This repository holds an attempt to apply machine learning to metastatic cancer diagnosis predictions using data from the WiDS Datathon 2024 Kaggle Challenge #1 that ran from 1/9/2024 - 3/1/2024.
Kaggle Page Link: https://www.kaggle.com/competitions/widsdatathon2024-challenge1/overview.
The Kaggle challenge aims to identify biases in metastatic cancer diagnosis, focusing on factors like demographics and societal issues. The task in this repository is to predict whether a patient's diagnosis occurs within 90 days, using a binary classification model with various categorical and numerical features.
The primary objective is to examine if the model can identify relationships between patient demographics and timely cancer diagnosis. A secondary objective is to explore the impact of environmental factors on diagnosis and treatment.
Three models were compared to achieve this. The top-performing models achieved accuracy rates of approximately 81% and 81.01%, respectively. Currently, the best performance on the Kaggle leaderboard for this challenge stands at 82.1%.
- Context: The dataset is from 2015-2018 of patients who went to get screened for breast cancer. See Kaggle page for more information.
- Type:
- Input: aggregate data (~12,906 patients) , CSV file: train.csv, test.csv -> diagnosis
- Input: CSV file of patients and agreggate features, output: cancer/no cancer in last column.
- Size: The original training and testing data was about 15MB. Including the training and testing data that I made, total training and testing data can be about ~80 MB.
- Instances (Train, Test, Validation Split): I originally split the training and testing data into 2 categories: Pandas and Scikit-Learn. I ran into issues with data shape. This should be work for future work.
- Type:
- Exploratory data analysis, data preprocessing, data cleaning, data visualization, and feature engineering on training and test data
Benchmarking my two models was both challenging and insightful. During testing, I observed how two of my three chosen models were learning from the training and testing data. I didn't fine-tune extensively, which could have taken over 100 hours with the parameters I considered. Here are some of the initial insights from the two models.
- How can machine learning be leveraged to aid in cancer research and treatment?

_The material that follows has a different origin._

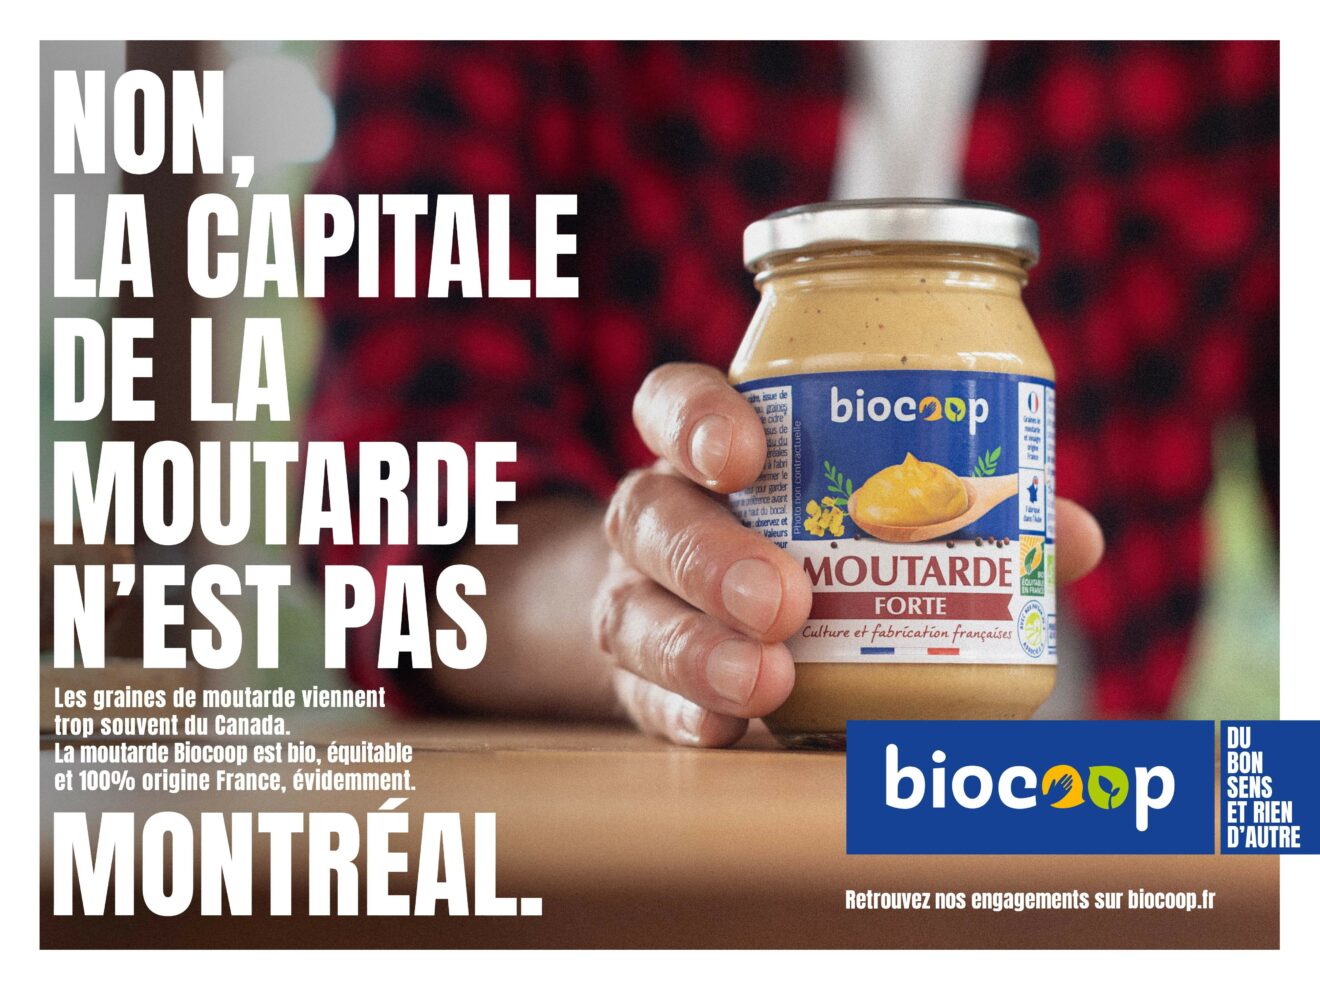 L'origine France au cœur de la nouvelle campagne Biocoop

- Pretrain a ML model that leverages AI & machine learning for cancer research, treatment, diagnosis, and prediction
- Models
- The 3 models I tested were XGBoost, Stochastic Gradient Descent, and Gradient Boosting. I settled on 2 final models.
- Training took place in a Jupyter Notebook on Ubuntu 22.04 LTS, using a Dell Workstation Precision 5510 laptop.
- Most training went smoothly, but fine-tuning the selected model took over three hours.
- The training and test sets were straightforward to decide on the most optimal model by examining ROC curves and measuring AUC, while also cross-validating for model accuracy. However, I encountered issues with data shape.
- The main challenges were preprocessing, fitting, and fine-tuning.
- Some light hyperparameter fine-tuning was attempted, but I was pressed for time due to the project deadline.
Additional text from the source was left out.